Footnote 1:Technically there are two Colony policies: a general-liability policy and an excess policy. But it is undisputed that the presence (or absence) of additional-insured coverage under the general-liability policy will determine whether it does, or does not, exist under the excess policy. For economy, therefore, the remainder of the discussion in Point I will consider only the Colony general-liability policy. The relevance and implications of there being two Colony policies will be addressed in Point II.

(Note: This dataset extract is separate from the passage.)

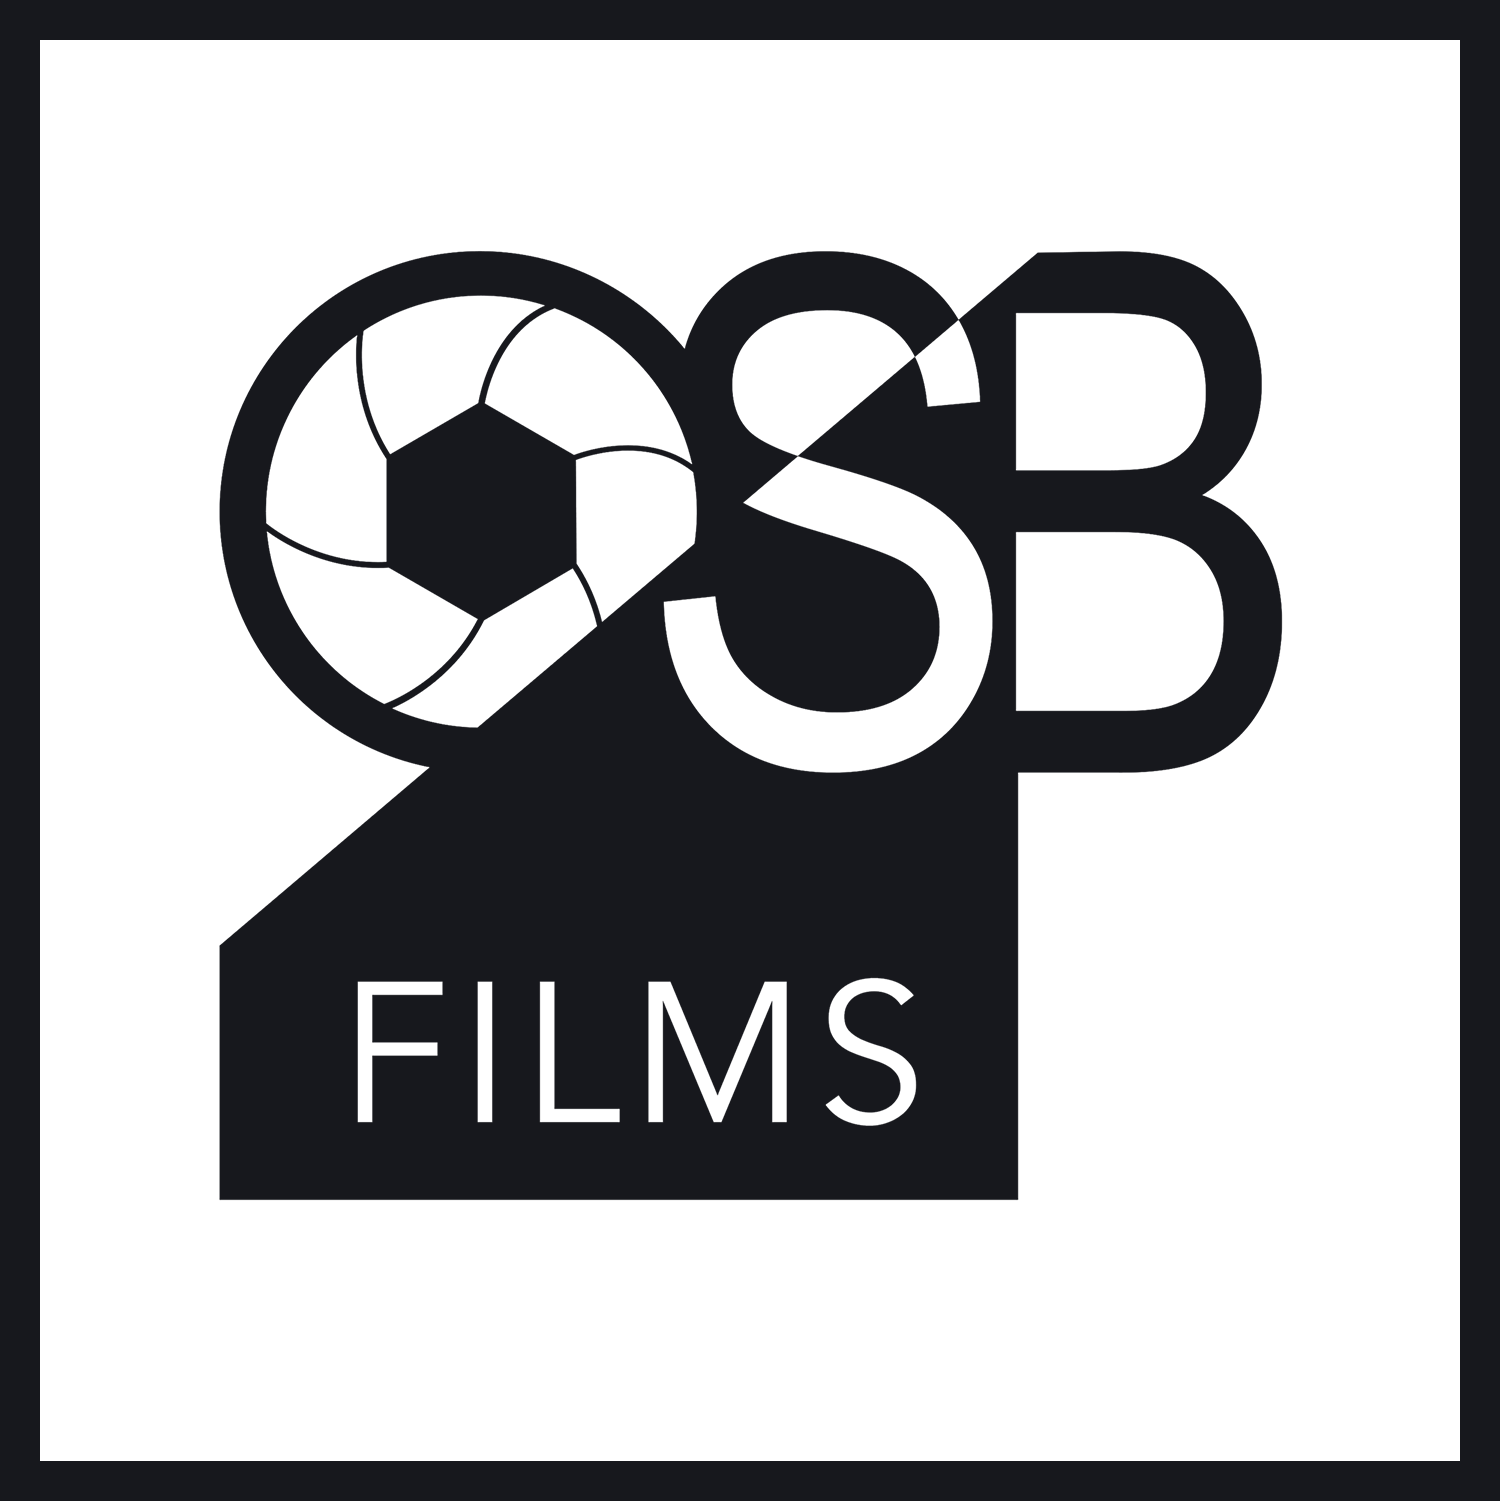 OSB Films
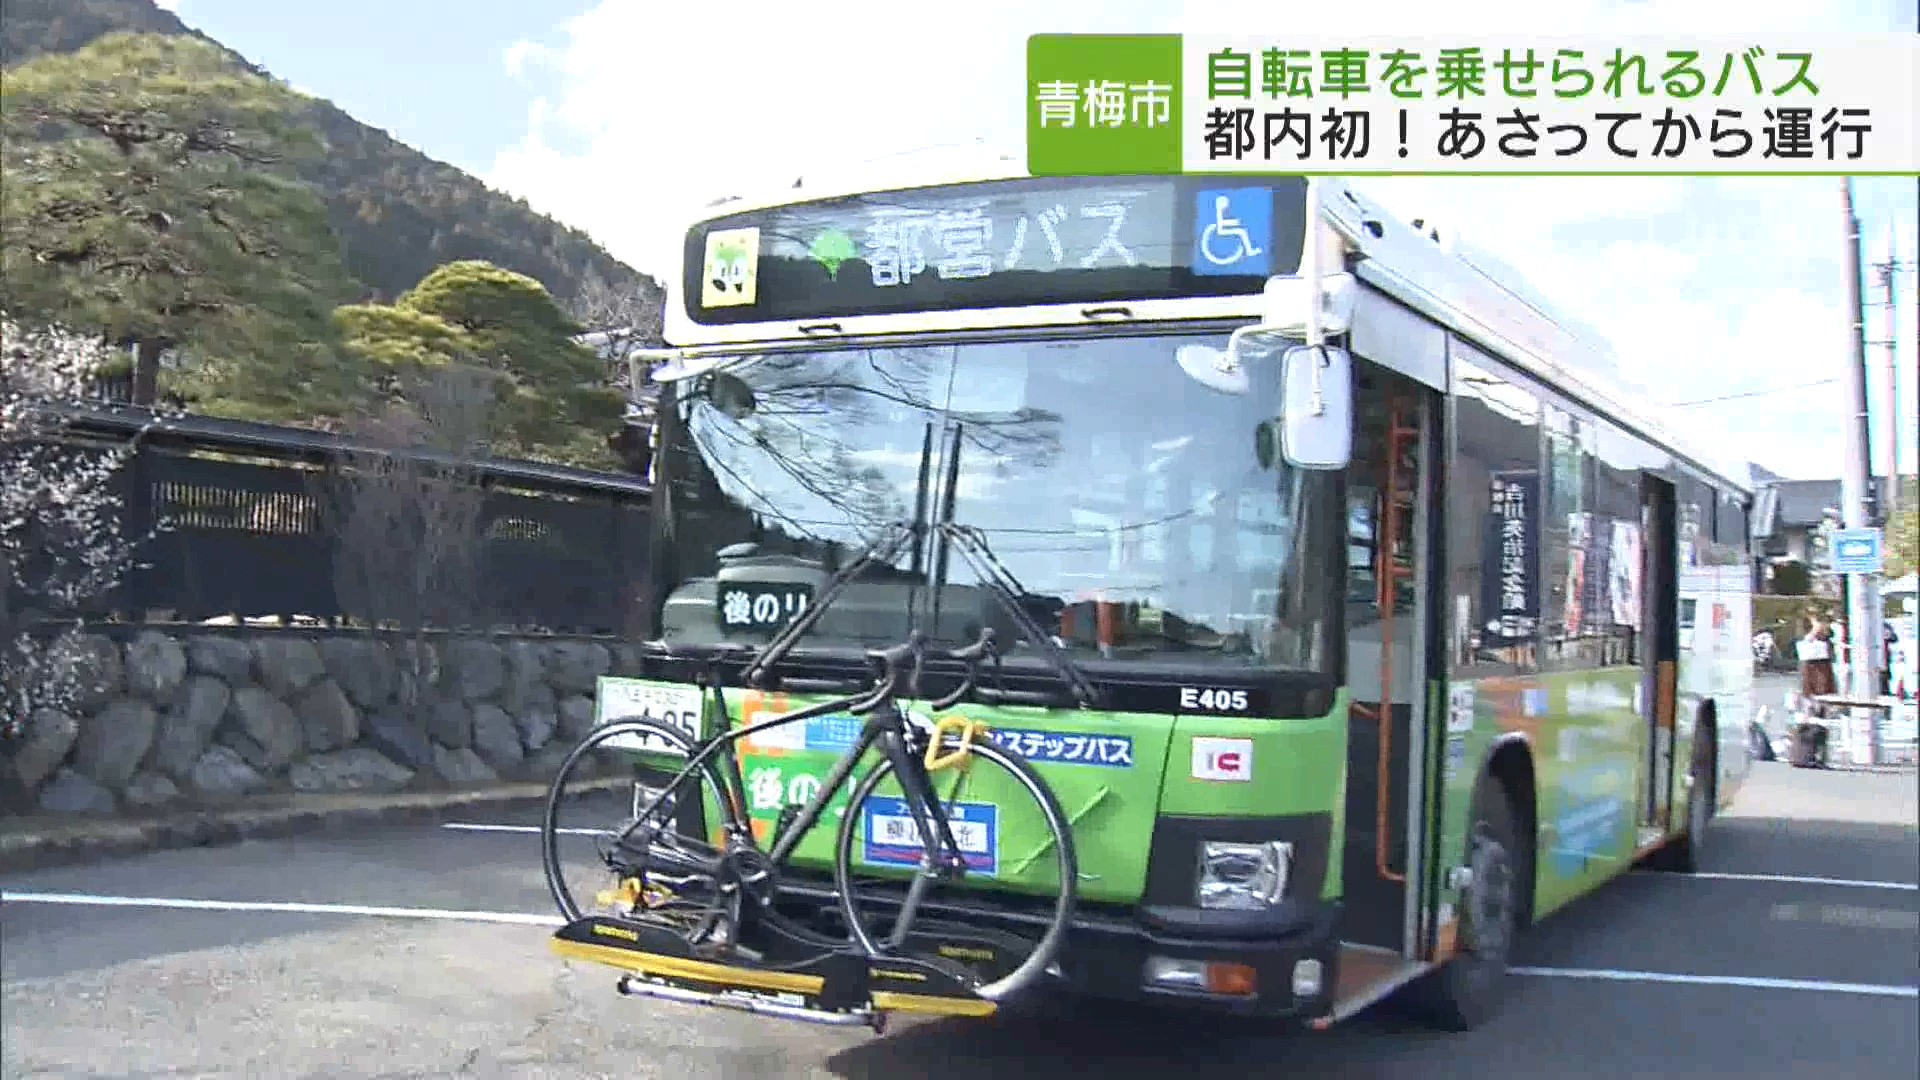 都内の路線バスで初めて、自転車を乗せられるバスの運行が3月16日から青梅市内で始まります。運行に先駆けて、3月14日にデモンストレーションが行われました。

Footnote 2:Colony contends, in substance, that this court should not follow Indian Harbor because that decision assertedly departed from the First Department's conclusion in Hanover Ins. Co. v Philadelphia Indem. Ins. Co. (159 AD3d 587 [1st Dept 2018]) that the allegations of a third-party complaint are not sufficient on their own to implicate the duty to defend. (See NYSCEF No. 54 at 13-14.) But this court may not simply disregard a later First Department precedent on the (asserted) ground that it departed from an earlier one. (See Vaughan v Leon, 94 AD3d 646, 649 n 2 [1st Dept 2012] [explaining that "the most recent controlling authority" governs].) In any event, Colony misplaces its reliance on Hanover. In that case, the named insured was a security-guard contractor, retained by the additional insured to guard its building at night. One of the named insured's security guards sued the additional insured for injuries that he suffered after he slipped and fell while doing his rounds in the additional insured's building. Although, like here, the additional insured then brought third-party claims against the named insured, those third-party claims did not identify any act or omission of the named insured that proximately caused its employee's slip-and-fall in a building that it did not control or maintain. (See Hanover Ins. Co. v Philadelphia Indem. Ins. Co., 2015 WL 6920605, at *1 [Sup Ct, NY County Oct. 30, 2015], rev'd 159 AD3d 587.) That is quite different from this case, in which the putative additional insureds have alleged that injuries sustained by an employee of the named insured's subcontractor resulted from (among other things) the named insured's failure to properly supervise and ensure the safety of the jobsite.

Footnote 3:Similarly, All State's subcontractor was acting on behalf of All State in discharging its (sub)contractual obligations to RXR Construction & Development.